The median response time to red calls was four minutes and 55 seconds in December

A colour-coded system of dealing with 999 ambulance calls is backed but will be reviewed to make sure all patients are treated as a high enough priority.

Since October 2015, emergency response time targets have been scrapped for all but the most life-threatening cases.

Health Minister Vaughan Gething said the trial which focused more on patient outcomes would now be made permanent.

The Welsh Tories claimed the system did not treat all suspected heart attack and stroke calls seriously enough.

Calls are categorised as red, amber or green - with red being immediately life-threatening calls such as cardiac arrest or choking.

Five per cent of calls were classed as red in the most recently published statistics.

In those cases, 65% of ambulances are expected to arrive within eight minutes. In the nine months to January, more than 75% were reached within the target time.

An independent evaluation report said: "Overall, there is agreement that the service is much more clinically focused, rather than simply being operationally driven and no-one would wish to see a return to the previous operating model."

Before the trial, a larger percentage of calls had been classed as red and the 65% target was repeatedly missed.

Image caption,

The trial scheme will be made permanent, Vaughan Gething says

The report said there should be a review of the categories outside red, in particular the amber group.

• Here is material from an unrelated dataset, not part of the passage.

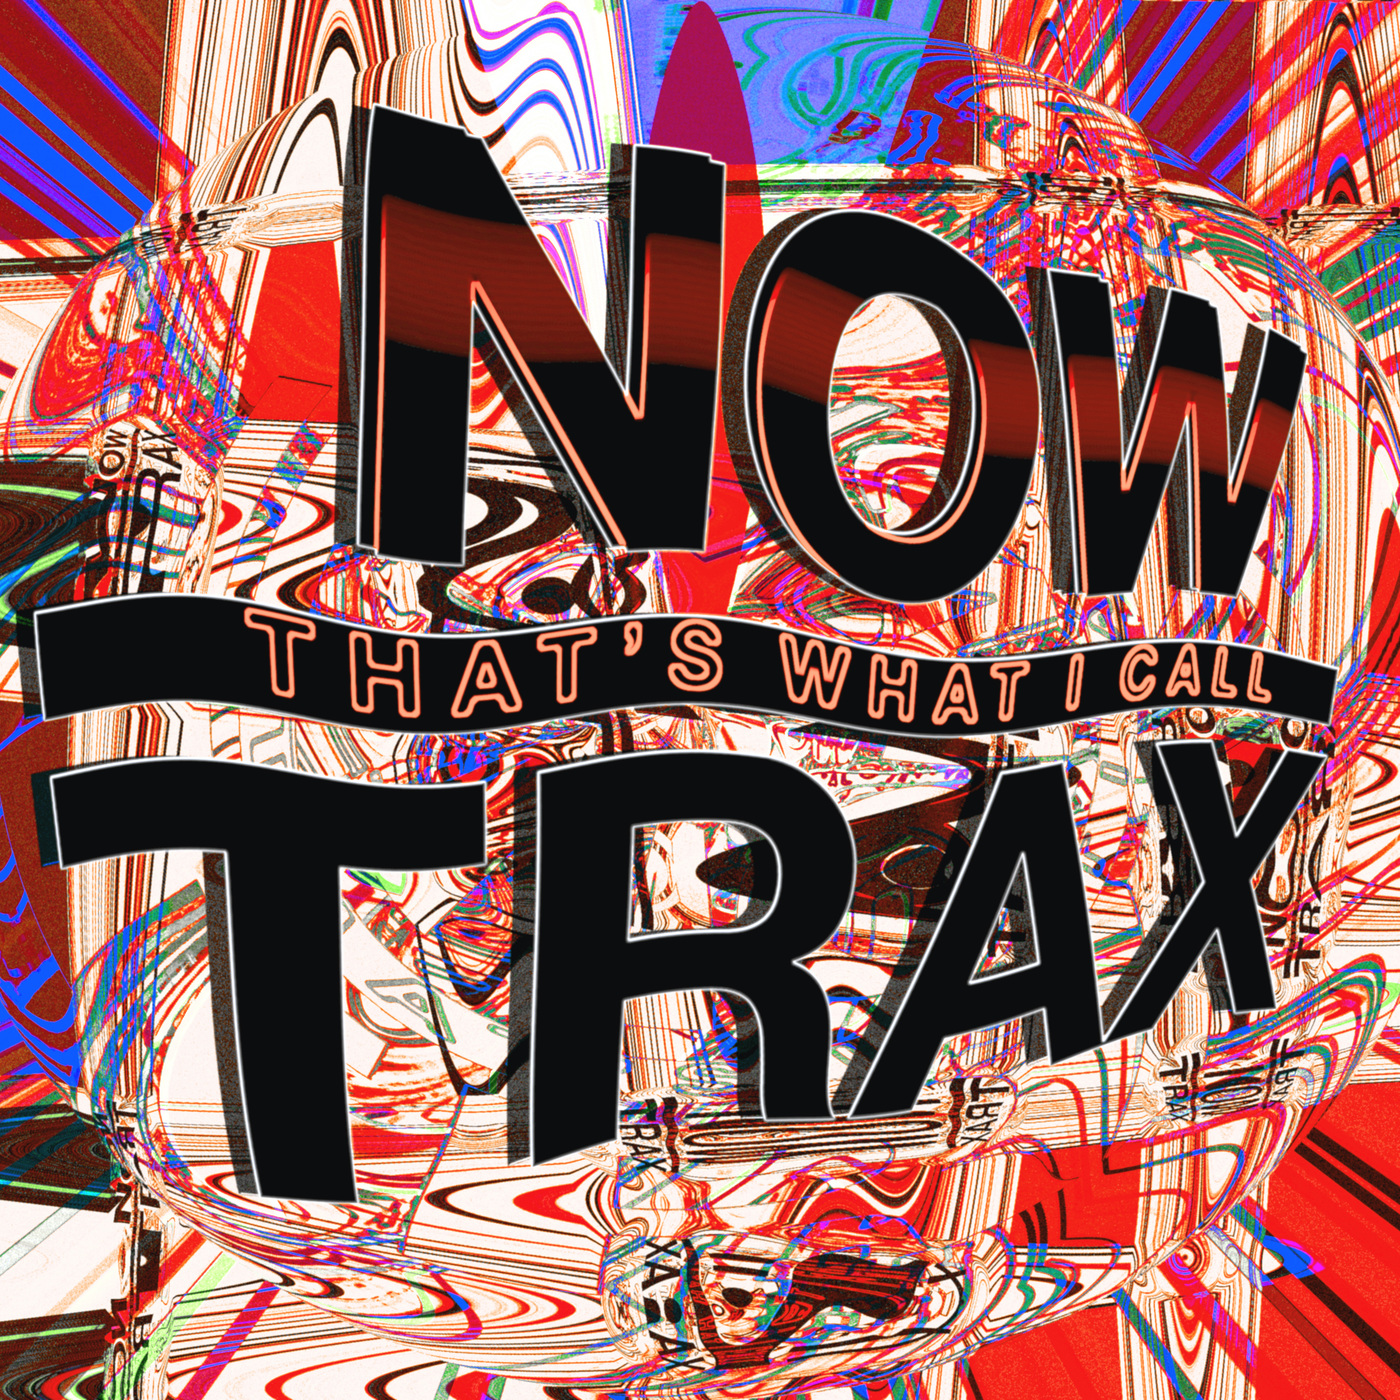 VA - Now That's What I Call Trax! Volume 1 / Chicago Trax

"There is concern that this group is too large and not sufficiently discriminatory in terms of prioritising patients with high acuity illness, and that for some calls this is resulting in unacceptably long waits," the report said.

It added that there was a "very clear and consistent view expressed in the qualitative study and staff survey that it is likely some amber category patients are being disadvantaged".

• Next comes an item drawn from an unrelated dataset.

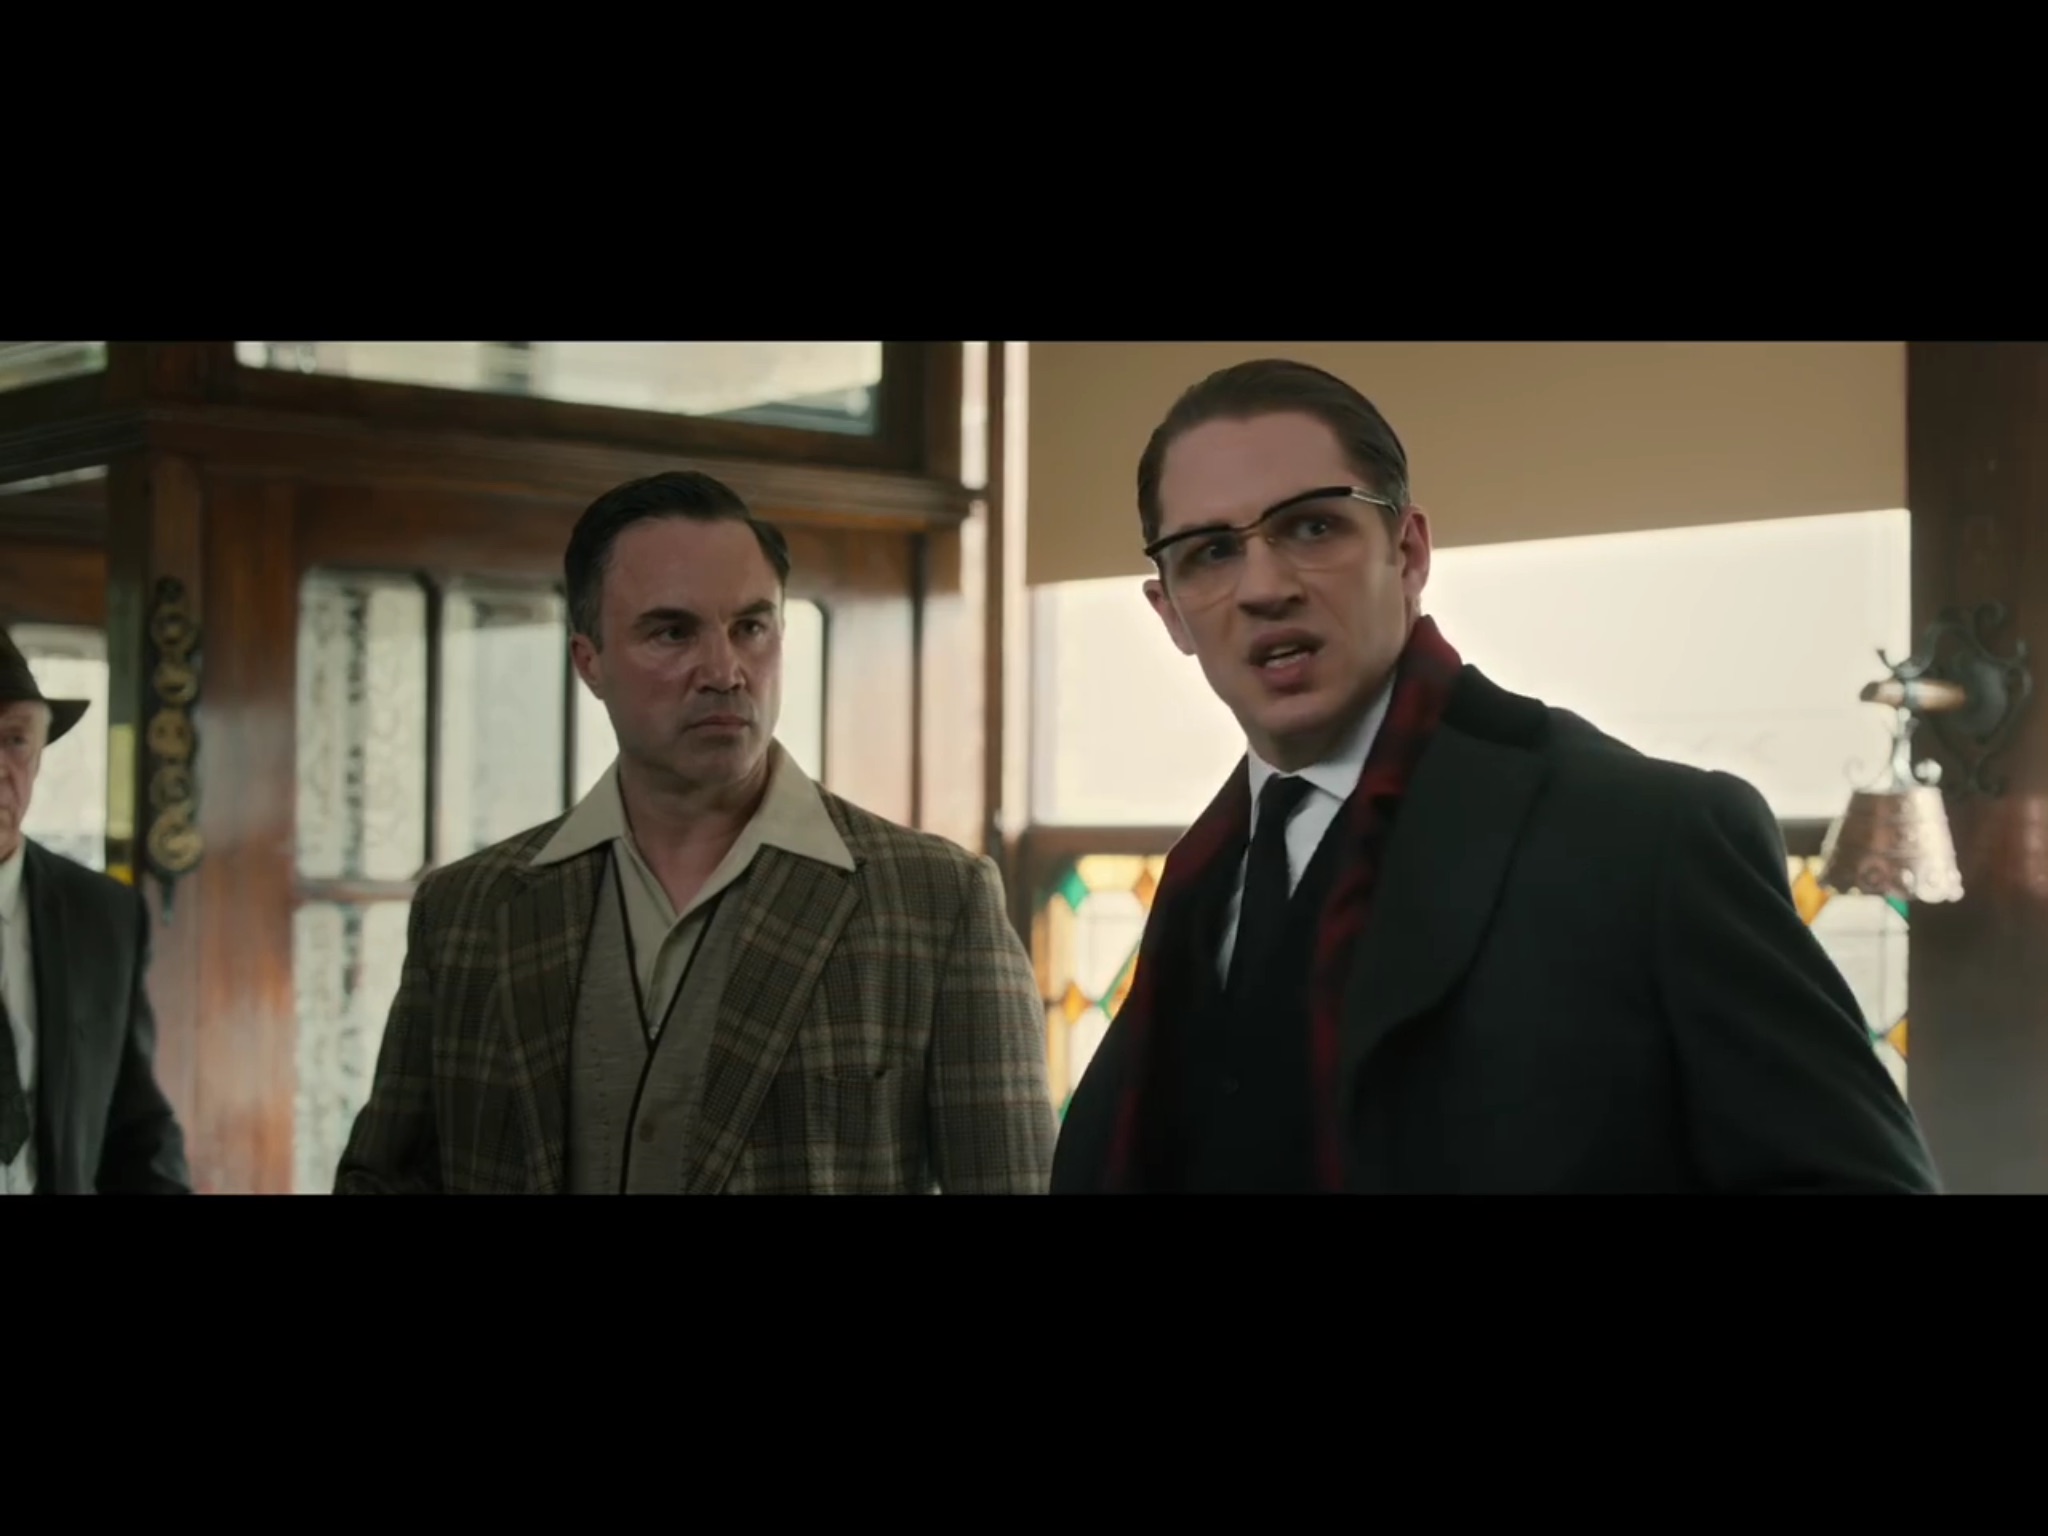 Still from Legend starring Myself and Tom Hardy

Ambulance trust operations director Richard Lee said: "While we are satisfied with our progress to date, we know there is still work to be done, particularly for patients in our amber category, and that is certainly our focus moving forward."

Mr Gething said the ambulance service had "improved its performance significantly" since the changes.

"The independent evaluation published today backs our decision to take the bold step to adopt the new model, following the successful pilot.

"The fact they found there to be clear and universal acknowledgement, both from within the ambulance service and external partners, that moving to the new model was appropriate and the right thing to do, is excellent news."

Interest from Canada, New Zealand, Australia and Chile had been attracted by the pilot, Mr Gething added, as well as England and Scotland.

Welsh Conservative health spokeswoman Angela Burns was critical, saying: "It is hardly surprising that the Welsh Labour Government are to give permanence to this new model that allows roughly 96% of all ambulance calls to go unmeasured, betraying a staggering lack of accountability.

"The worst feature by far of this model is that many cases, including heart attacks and strokes, do not currently qualify for the most urgent response category unless patients have stopped breathing or their hearts have stopped beating."